With the images removed, repeat the data below exactly.

• **SUPPLIED MATERIAL**:

- Opening Delimiter -

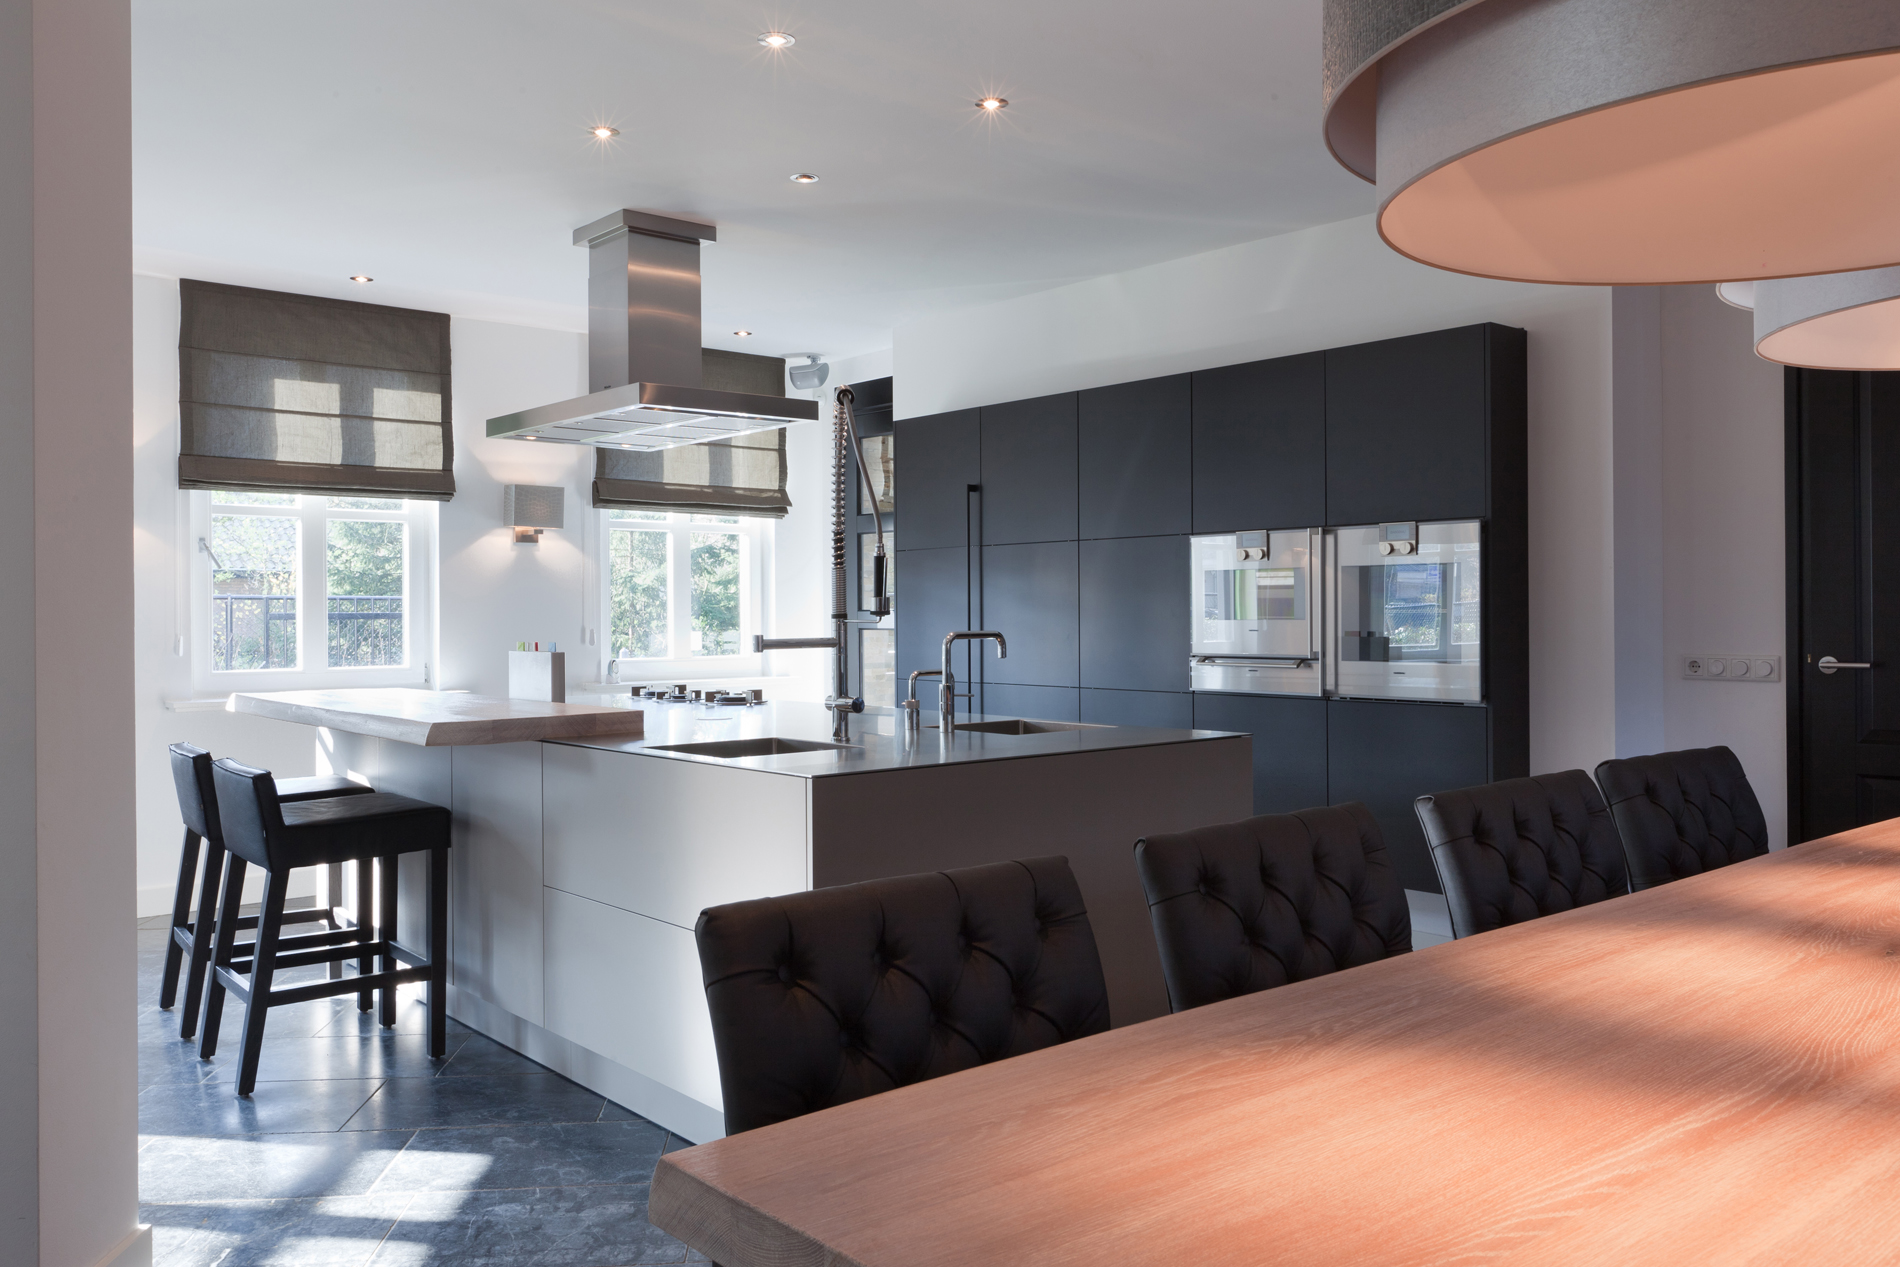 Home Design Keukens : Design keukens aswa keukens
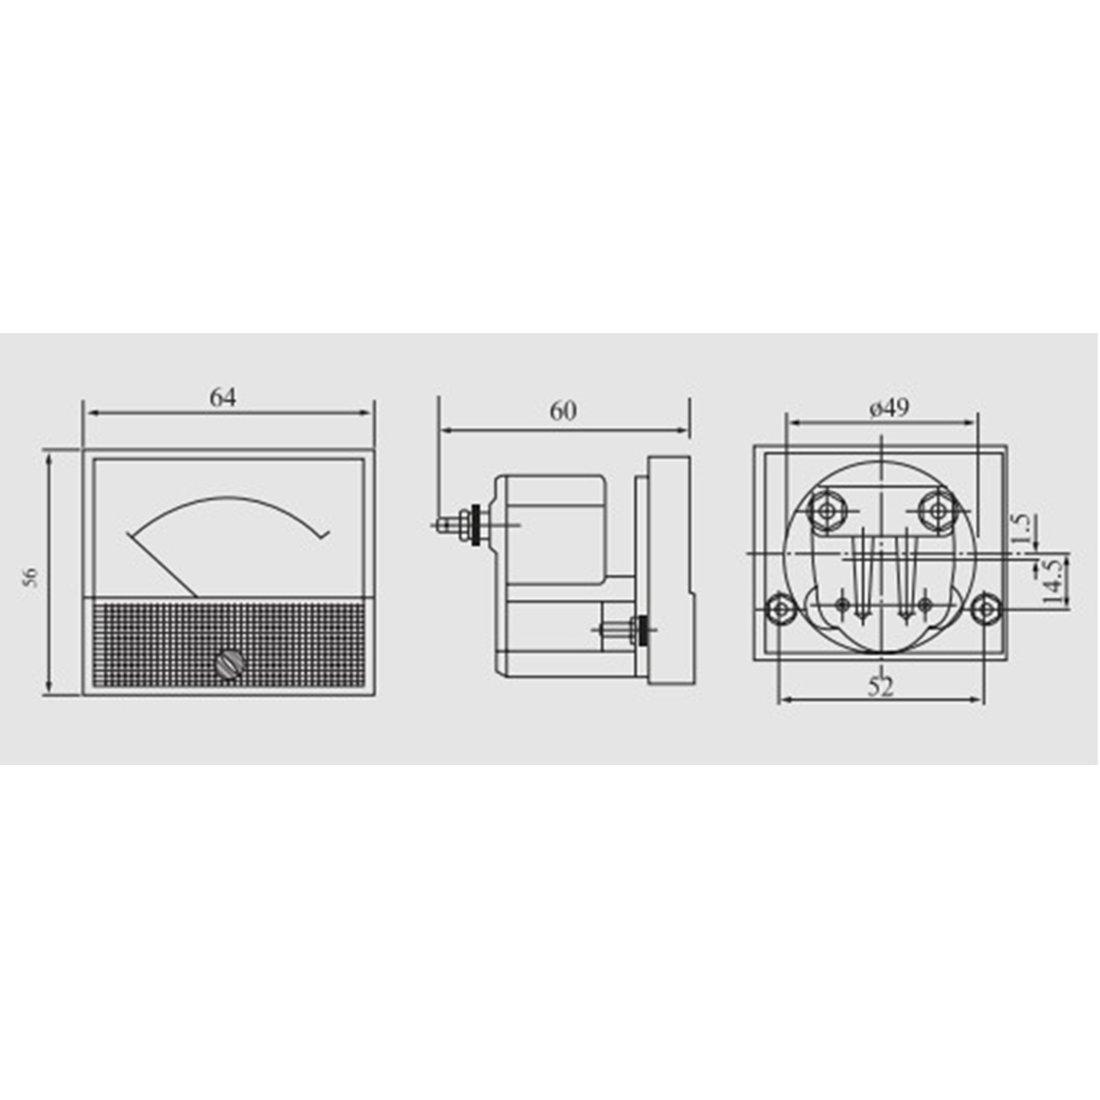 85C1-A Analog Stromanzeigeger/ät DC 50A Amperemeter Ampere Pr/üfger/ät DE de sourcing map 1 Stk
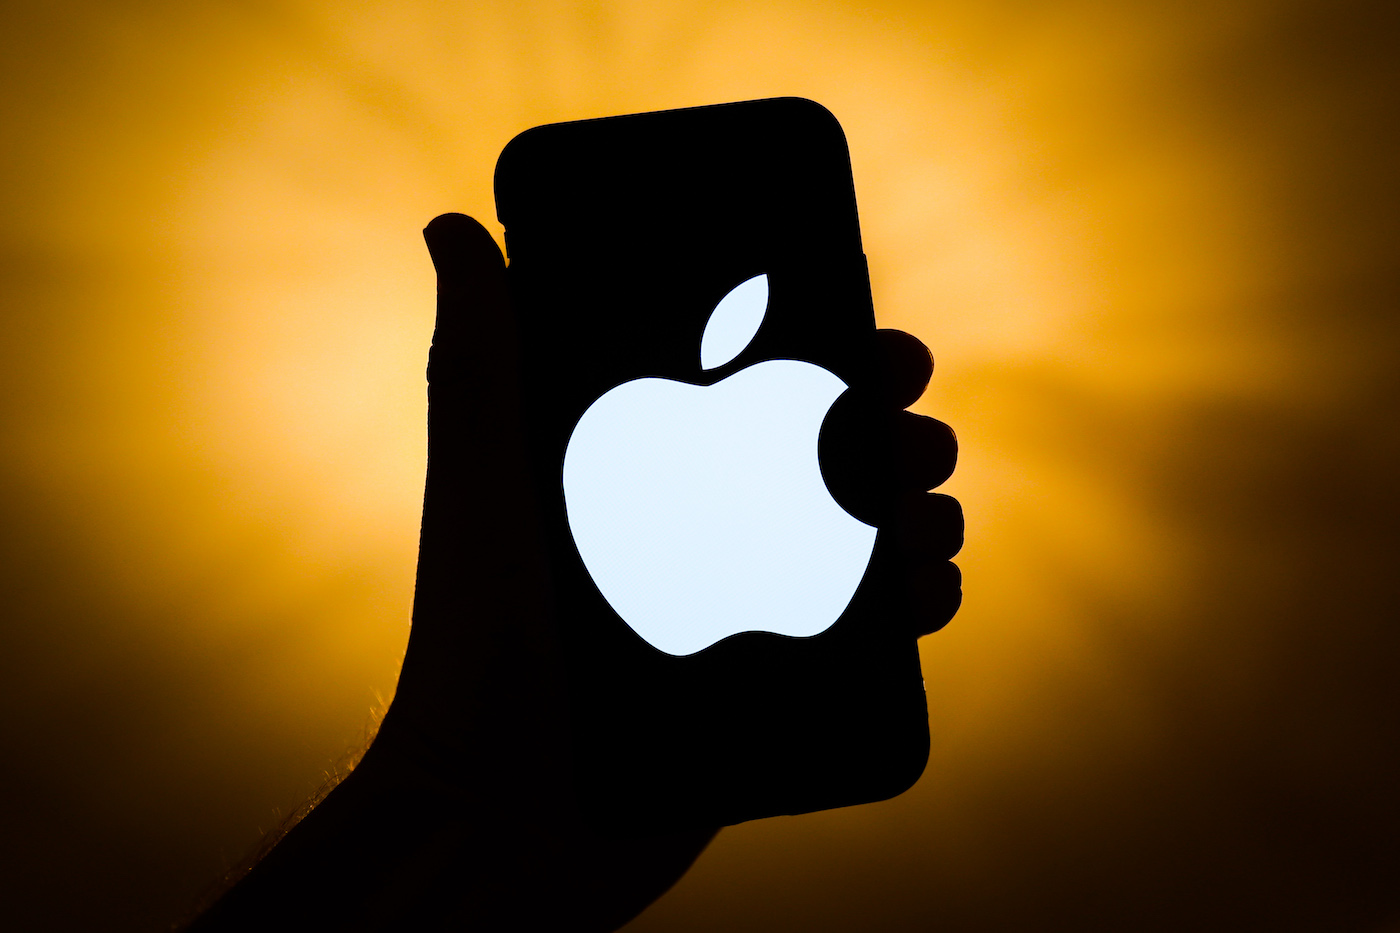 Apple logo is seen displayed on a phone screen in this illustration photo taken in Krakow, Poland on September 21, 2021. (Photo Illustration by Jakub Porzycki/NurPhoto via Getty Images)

- Closing Delimiter -

• **SOLUTION**:
 Home Design Keukens : Design keukens aswa keukens
 85C1-A Analog Stromanzeigeger/ät DC 50A Amperemeter Ampere Pr/üfger/ät DE de sourcing map 1 Stk
 Apple logo is seen displayed on a phone screen in this illustration photo taken in Krakow, Poland on September 21, 2021. (Photo Illustration by Jakub Porzycki/NurPhoto via Getty Images)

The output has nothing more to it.